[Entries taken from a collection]
*** Block opens ***
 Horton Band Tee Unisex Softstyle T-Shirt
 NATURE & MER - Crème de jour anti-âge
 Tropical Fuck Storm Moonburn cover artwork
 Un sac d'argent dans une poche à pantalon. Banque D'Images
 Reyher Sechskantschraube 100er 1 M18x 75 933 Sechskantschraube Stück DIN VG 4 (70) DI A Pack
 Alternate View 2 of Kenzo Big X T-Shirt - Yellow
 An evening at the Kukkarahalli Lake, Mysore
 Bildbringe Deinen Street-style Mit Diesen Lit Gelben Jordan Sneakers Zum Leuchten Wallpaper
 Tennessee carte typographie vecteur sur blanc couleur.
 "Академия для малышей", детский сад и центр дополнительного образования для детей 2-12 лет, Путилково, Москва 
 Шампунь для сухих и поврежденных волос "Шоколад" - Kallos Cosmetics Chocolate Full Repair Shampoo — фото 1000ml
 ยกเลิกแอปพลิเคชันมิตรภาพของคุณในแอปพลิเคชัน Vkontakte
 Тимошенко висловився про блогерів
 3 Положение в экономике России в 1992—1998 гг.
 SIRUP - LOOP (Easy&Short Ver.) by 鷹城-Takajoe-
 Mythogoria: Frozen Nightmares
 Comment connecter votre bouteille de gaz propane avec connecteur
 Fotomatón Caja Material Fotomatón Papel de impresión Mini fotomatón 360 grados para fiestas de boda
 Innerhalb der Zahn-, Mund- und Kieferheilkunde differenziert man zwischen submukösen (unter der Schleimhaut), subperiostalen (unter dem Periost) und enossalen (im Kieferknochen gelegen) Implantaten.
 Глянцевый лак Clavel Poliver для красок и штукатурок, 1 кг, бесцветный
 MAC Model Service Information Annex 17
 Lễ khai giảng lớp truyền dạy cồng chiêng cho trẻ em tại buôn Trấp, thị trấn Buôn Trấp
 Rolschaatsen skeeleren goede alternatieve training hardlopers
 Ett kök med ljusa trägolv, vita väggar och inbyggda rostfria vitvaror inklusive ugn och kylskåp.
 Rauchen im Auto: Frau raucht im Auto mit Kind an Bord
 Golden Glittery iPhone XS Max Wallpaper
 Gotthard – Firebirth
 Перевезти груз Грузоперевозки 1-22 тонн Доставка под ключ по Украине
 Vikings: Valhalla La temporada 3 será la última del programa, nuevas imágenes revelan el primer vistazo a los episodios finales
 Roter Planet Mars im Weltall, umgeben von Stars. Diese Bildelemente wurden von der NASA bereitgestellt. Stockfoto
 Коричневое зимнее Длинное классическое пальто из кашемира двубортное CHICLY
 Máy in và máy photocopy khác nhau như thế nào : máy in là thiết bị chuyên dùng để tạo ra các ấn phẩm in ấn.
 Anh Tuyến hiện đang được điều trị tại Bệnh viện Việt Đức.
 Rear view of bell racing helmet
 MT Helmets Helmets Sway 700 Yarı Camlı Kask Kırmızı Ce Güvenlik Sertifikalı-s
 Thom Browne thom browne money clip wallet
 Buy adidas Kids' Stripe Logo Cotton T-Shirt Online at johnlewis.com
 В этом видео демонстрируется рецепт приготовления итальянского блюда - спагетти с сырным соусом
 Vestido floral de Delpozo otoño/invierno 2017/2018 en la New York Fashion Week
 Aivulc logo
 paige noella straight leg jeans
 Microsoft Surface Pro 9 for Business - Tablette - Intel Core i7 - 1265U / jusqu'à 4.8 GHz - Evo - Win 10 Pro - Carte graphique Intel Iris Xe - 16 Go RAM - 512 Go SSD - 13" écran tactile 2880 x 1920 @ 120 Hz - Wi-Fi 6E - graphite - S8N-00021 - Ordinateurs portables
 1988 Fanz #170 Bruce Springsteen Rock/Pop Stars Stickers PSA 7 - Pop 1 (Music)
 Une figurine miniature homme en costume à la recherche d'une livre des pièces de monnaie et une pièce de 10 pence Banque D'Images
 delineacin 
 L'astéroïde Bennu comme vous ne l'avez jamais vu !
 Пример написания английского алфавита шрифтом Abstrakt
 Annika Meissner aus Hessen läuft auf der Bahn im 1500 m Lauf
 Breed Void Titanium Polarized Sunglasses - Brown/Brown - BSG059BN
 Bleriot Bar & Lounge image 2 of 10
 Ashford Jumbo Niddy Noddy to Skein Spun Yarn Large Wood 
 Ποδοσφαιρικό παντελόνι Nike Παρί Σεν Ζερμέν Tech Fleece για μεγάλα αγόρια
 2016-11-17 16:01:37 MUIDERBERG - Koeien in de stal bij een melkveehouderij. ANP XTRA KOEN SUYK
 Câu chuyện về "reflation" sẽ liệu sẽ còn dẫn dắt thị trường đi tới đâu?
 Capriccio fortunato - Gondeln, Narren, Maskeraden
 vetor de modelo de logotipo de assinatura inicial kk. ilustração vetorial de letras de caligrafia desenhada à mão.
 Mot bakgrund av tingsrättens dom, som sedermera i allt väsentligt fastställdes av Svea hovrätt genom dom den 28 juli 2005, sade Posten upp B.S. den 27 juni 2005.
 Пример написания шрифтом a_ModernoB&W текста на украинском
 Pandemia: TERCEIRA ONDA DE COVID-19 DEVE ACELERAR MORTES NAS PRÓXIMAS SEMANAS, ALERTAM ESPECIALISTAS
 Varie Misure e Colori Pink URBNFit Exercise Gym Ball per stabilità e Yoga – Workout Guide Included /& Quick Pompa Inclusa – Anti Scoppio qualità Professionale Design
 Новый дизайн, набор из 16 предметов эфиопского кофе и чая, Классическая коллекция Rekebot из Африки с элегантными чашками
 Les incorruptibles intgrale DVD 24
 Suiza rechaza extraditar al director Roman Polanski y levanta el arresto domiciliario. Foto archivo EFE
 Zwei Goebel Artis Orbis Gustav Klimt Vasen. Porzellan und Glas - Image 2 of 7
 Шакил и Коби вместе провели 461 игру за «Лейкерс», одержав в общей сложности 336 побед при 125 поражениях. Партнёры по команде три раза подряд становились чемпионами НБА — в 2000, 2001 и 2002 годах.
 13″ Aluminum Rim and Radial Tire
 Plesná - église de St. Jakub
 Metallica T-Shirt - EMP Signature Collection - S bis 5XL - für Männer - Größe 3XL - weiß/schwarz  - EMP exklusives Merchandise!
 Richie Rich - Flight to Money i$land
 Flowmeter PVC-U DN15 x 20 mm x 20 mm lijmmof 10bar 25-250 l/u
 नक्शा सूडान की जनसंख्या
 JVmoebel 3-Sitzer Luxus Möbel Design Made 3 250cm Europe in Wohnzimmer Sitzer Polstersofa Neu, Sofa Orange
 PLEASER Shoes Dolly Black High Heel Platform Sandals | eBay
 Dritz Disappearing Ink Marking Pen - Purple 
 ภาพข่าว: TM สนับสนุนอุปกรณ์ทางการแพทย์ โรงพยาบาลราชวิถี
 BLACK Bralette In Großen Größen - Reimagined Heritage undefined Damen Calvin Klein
*** Block closes ***
TASK DESCRIPTION
From the data above, output only the lines between the line containing "2016-11-17 16:01:37 MUIDERBERG" and the line containing "vetor de modelo", inclusive, exactly as written.

RESPONSE
 2016-11-17 16:01:37 MUIDERBERG - Koeien in de stal bij een melkveehouderij. ANP XTRA KOEN SUYK
 Câu chuyện về "reflation" sẽ liệu sẽ còn dẫn dắt thị trường đi tới đâu?
 Capriccio fortunato - Gondeln, Narren, Maskeraden
 vetor de modelo de logotipo de assinatura inicial kk. ilustração vetorial de letras de caligrafia desenhada à mão.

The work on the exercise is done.